- Born: 10 February 1940 (age 86) Chortkov, Ukrainian SSR, Soviet Union (now Chortkiv, Ternopil Oblast, Ukraine)
- Education: Royal Conservatory, University of Toronto
- Occupation: Soprano singer

= Roxolana Roslak =

Ukrainian-Canadian soprano singer (born 1940)

Roxolana Mykhailivna Roslak (Роксола́на Миха́йлівна Росляк; born 10 February 1940) is a Ukrainian-Canadian soprano singer.

==Biography==
Roxolana Roslak was born on 10 February 1940 in Chortkov, Ukrainian SSR, Soviet Union (now Chortkiv, Ternopil Oblast, Ukraine).
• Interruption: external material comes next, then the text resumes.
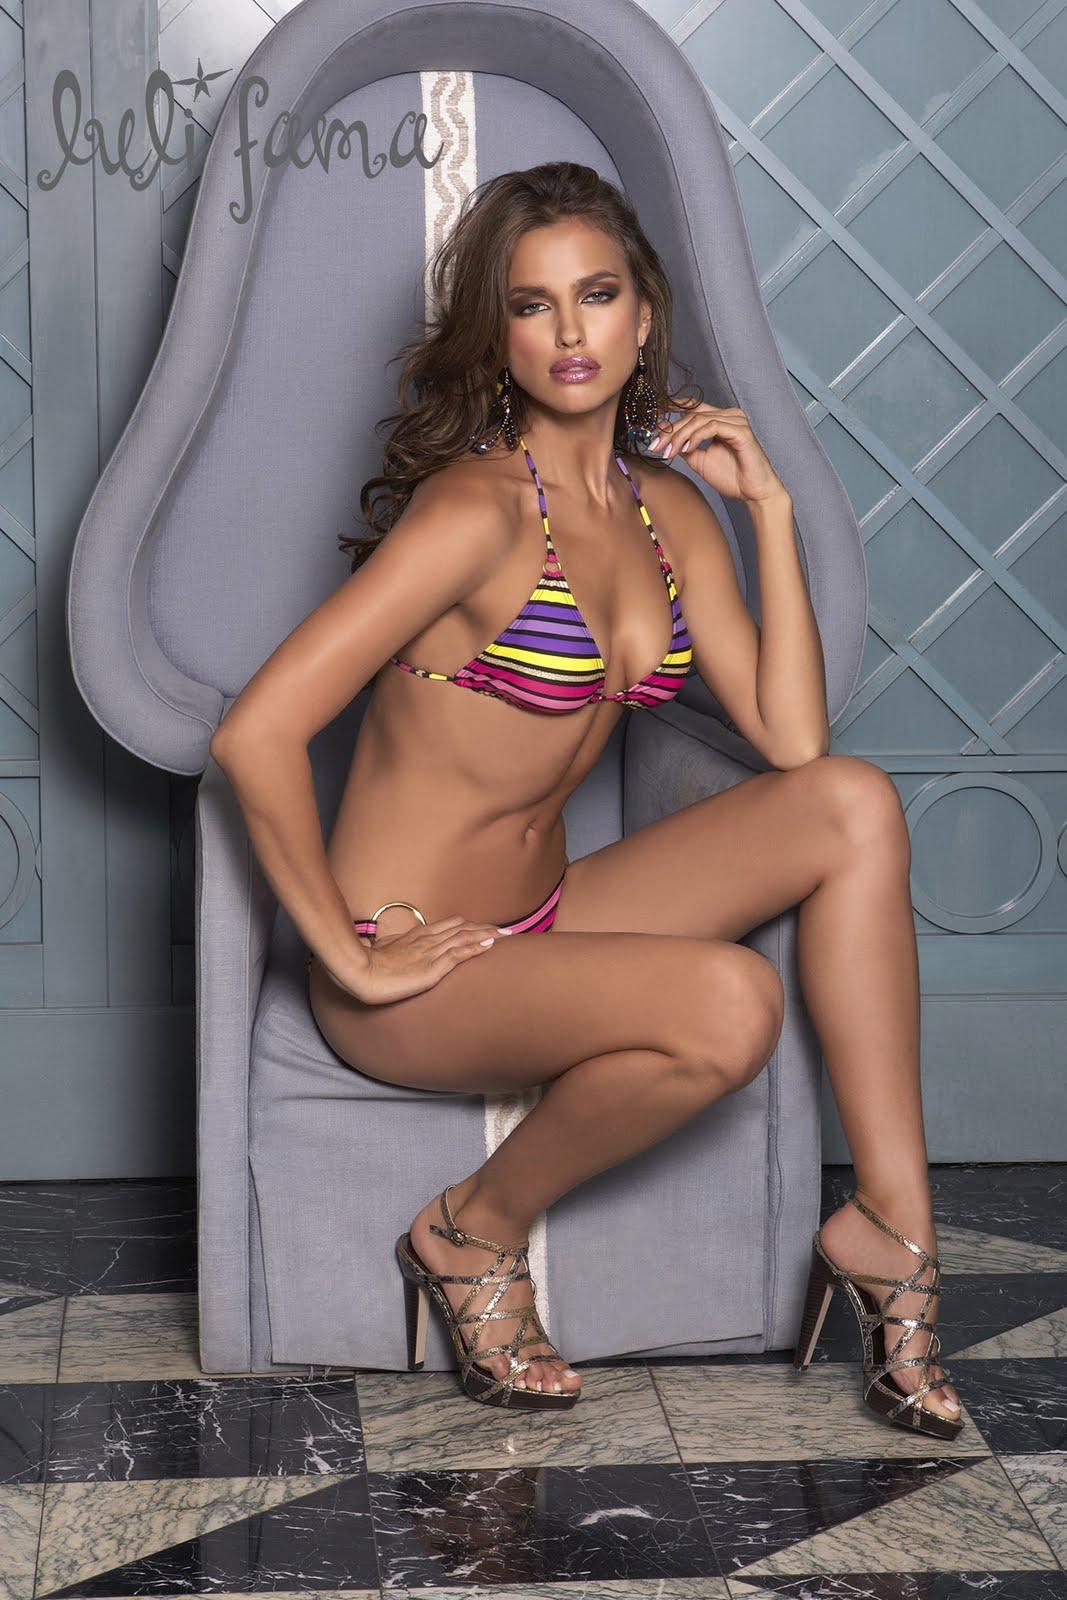 http://3.bp.blogspot.com/-kElTH21sPwQ/TZLCzYOlG5I/AAAAAAAASJs/pUcck965gyk/s1600/Irina-Shayk-Bikini-Wallpapers-2011.jpg

From 1948, she lived in Edmonton, Canada and became a naturalized Canadian citizen in 1953. In 1964, Roslak graduated from the Royal Conservatory and the Faculty of Music at the University of Toronto.

==Career==
From 1963, Roslak was a soloist with the Canadian Opera Company and the Toronto Regional Concert Bureau. She was a lecturer at the RCMT in Toronto, beginning in 1986.

She performed at opera houses in Germany (Munich, Düsseldorf), Great Britain (Royal Opera House, London; Shakespeare festival, Stratford-upon-Avon), and Switzerland (Geneva).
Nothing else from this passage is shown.